An irreverent history of the rise of Widescreen TV

In the beginning, before TV ruled the living room, bedroom, office reception etc. there was cinema. Man looked at the cinema screen and he was pleased – even if there wasn’t any sound to go with the jerky black & white moving pictures – organists were kept very busy. These silent films were projected at a ratio of four units wide to three units tall, often expressed as 4:3 or 1.33:1 (also known as Academy Ratio).

In 1927 the soundtrack was introduced and talking films were born. How the audience were delighted. But these black & white films with their fancy soundtracks didn’t keep the punters coming in to the cinema.

By 1935 the film studios had made some colour films - Oh how the faces in the audience lit up with rainbow Technicolor awe. But these happy days did not last for the big cheeses at the studios. Soon there was to be a new threat - In the form of television sets for the home.

TV sets in the home? It’ll never catch on.

The first broadcasts by the BBC were made in 1937, initially to a few hundred but soon to many more. The pictures were broadcast in the same 1.33:1 ratio as films because that was what people expected.

With fewer people visiting the cinemas around the world and the impending threat of colour TV broadcasting, something had to be done - so in 1952 the film studios decided to reveal their secret weapon – a wider screen. It was to prove their saviour. Films were made in 1.85:1 and 2.35:1 formats and it was also recognised that these wider formats were easier to watch due to the wide angle of vision that we all have.

The green outline on this image indicates the standard 4:3 Academy Ratio that became the main format of TV broadcasts in the early days.

The red and blue outlines indicate widescreen formats.

TV ratios

So we skip forward a few years of little innovation. Sure there was the emergence of computers and other stuff like that – until the 1990’s when someone in the TV world decided that he too wanted to deliver a slice of the widescreen pie to homes around the world – and thus widescreen broadcasting began.

True widescreen broadcasts are able to display more picture at the sides of the image as these pictures show:

16:916:9 on 4:3

Notice how the top widescreen image on the left is seen cropped on a 4:3 screen - with the clock edges being cut off - and the logo has less space too. This is why sometimes captions and graphics are off the edges.

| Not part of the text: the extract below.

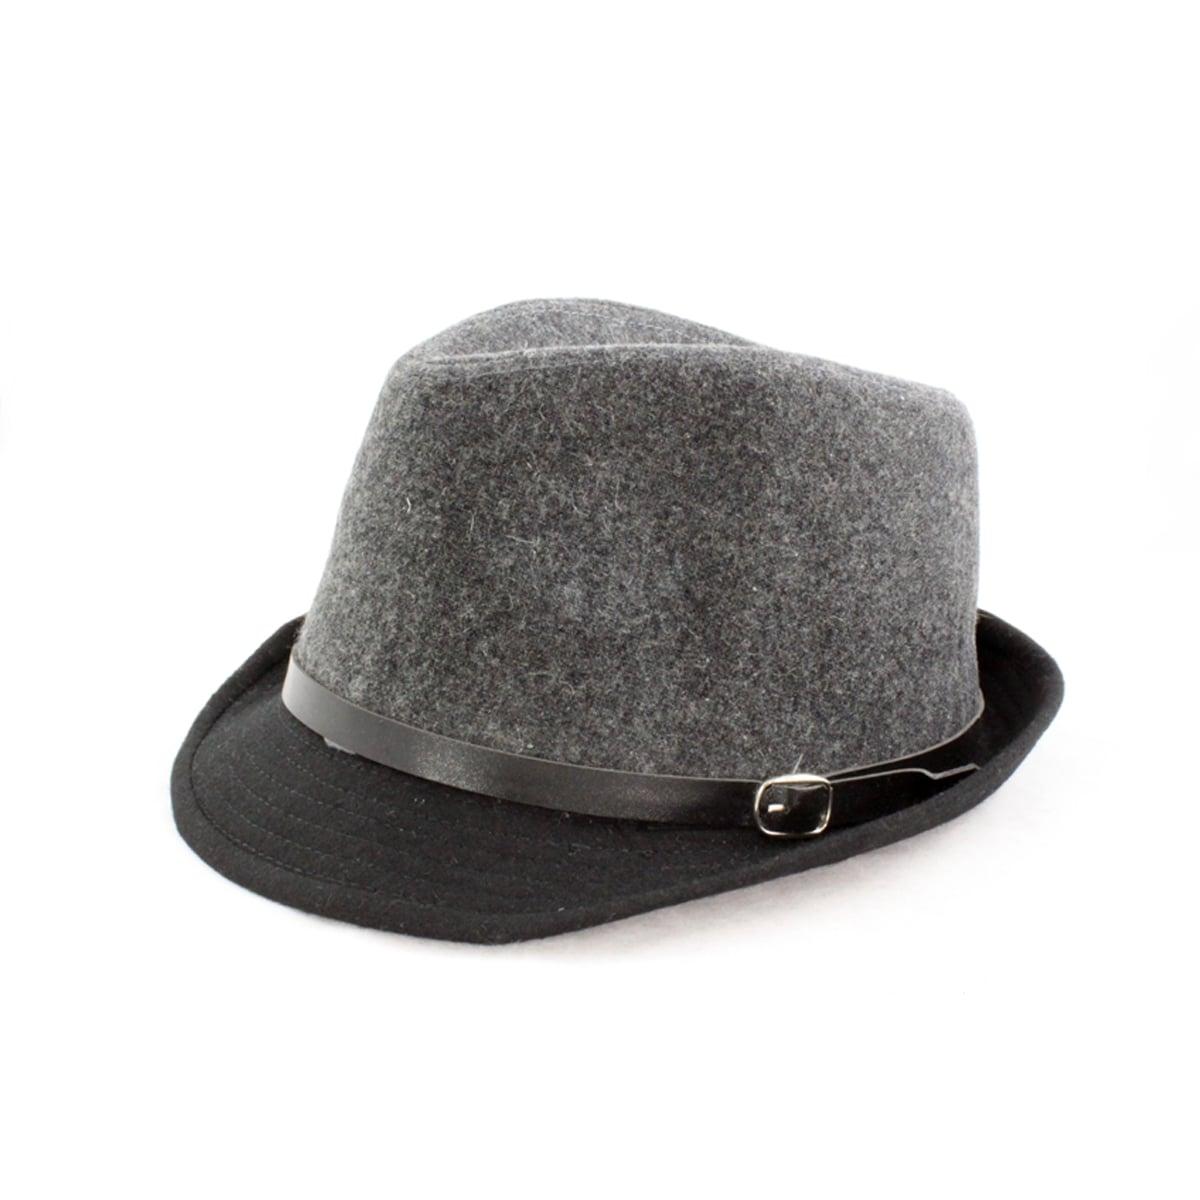 Faddism Black/ Grey Fedora Hat

An explanation of the black bars that appear on your TV

16:9 picture on a 4:3 screen

Now if a widescreen picture is displayed on a non-widescreen television you will see black lines at the top and bottom of the picture.

4:3 picture on a 16:9 screen

And non-widescreen pictures on a widescreen television means you will get black bars on the sides of the picture – not exactly good value for your license fee!

So how do you keep everyone happy all of the time?

14:9 broadcast on a 4:3 screen 14:9 broadcast on a 16:9 screen

To keep everyone ‘sweet’, broadcasters decided on a ‘half-way house’ screen ratio of 14:9 – which means that everyone gets thinner bars on their screens – unless you have a modern television that magically resizes the picture for you.

The Future

So now that we have widescreen broadcasts at home, with high definition broadcast pictures just around the corner, the question is will we soon need wider eyes?